United States District Court, N.D. Indiana, Fort Wayne Division
Mar 2, 2010
Case No.: 1:08-CV-246 (N.D. Ind. Mar. 2, 2010)

Opinion

Case No.: 1:08-CV-246.

March 2, 2010


OPINION AND ORDER I. INTRODUCTION


Plaintiff Anthony C. Martin started this case under 42 U.S.C. § 1983 with a scattershot pro se complaint stemming from an encounter with Fort Wayne police officers Daniel Royse, Richard Jennings, David Tinsley, Timothy Hughes, and Michael McEachern, on September 28, 2008. (Docket #1.) Ultimately, and at Martin's request, experienced counsel was recruited to represent him. (Docket #25.)
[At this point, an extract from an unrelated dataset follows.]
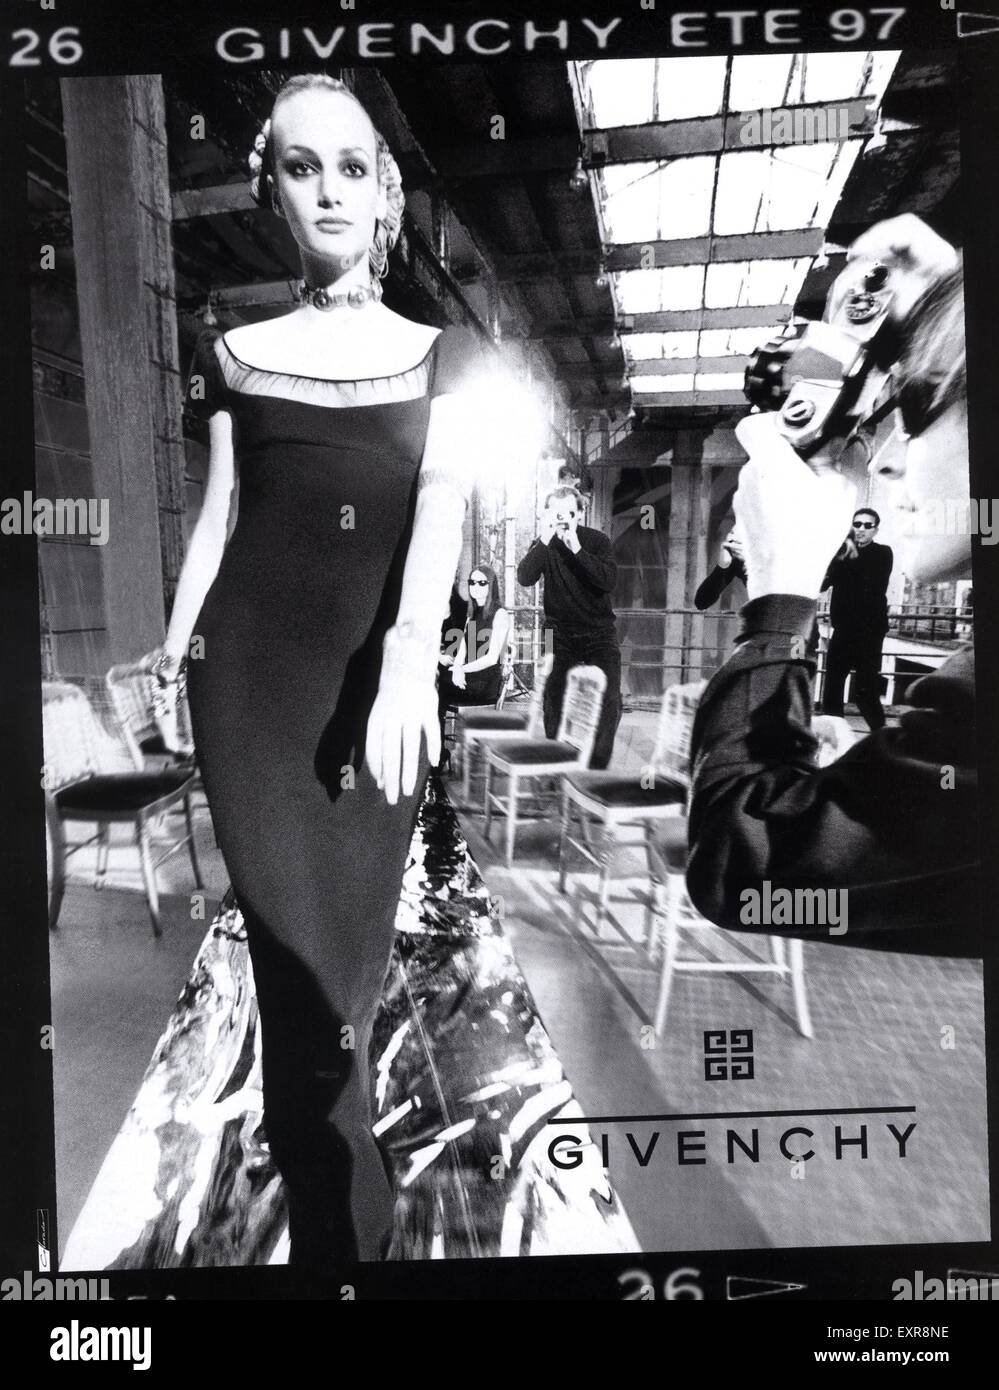 1990s UK Givenchy Magazine Advert Stock Photo

Now this case is before the Court on the Defendants' Motion for Summary Judgment. (Docket #35.) In response, Martin's counsel has narrowed the case, properly so, to the simple claim that during a purported investigatory stop, Terry v. Ohio, 392 U.S. 1 (1968), the officers used excessive force and detained him for an unreasonably long period of time, and thus deprived him of his Fourth Amendment rights. (Docket #37.) The response is supported by Martin's affidavit (Docket # 38-2) and that of his former girlfriend, Melinda Robinson (Docket # 38-3).
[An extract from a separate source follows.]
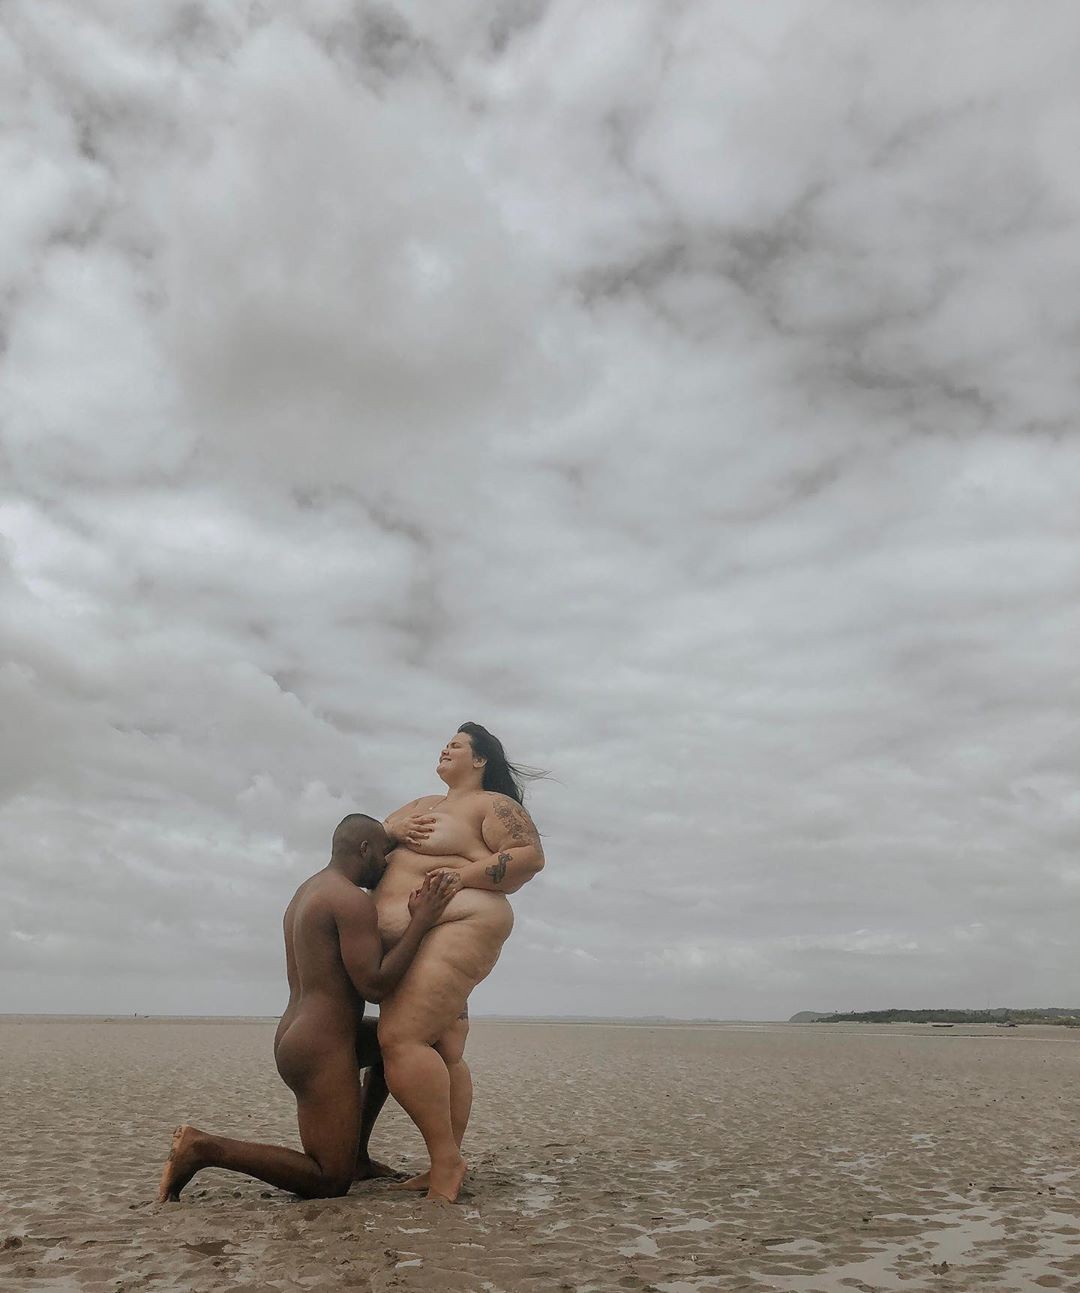 Thais Carla posta clique nu ao lado do marido (Foto: Reprodução/Instagram)

Those affidavits, however, sparked a motion to strike (Docket # 40), suggesting that a portion of each should be stricken. Although contested, the motion is essentially moot because even with the allegedly improper statements excised, enough facts remain that the core of Martin's case — his contention that the police used unnecessary (and thus excessive) force during the so-called Terry stop and detained him too long — must proceed to trial.

Getting to that core requires some peeling away of the meritless claims that Martin put in his pro se complaint but which he does not advance and has apparently abandoned. That chore is the topic of the next section.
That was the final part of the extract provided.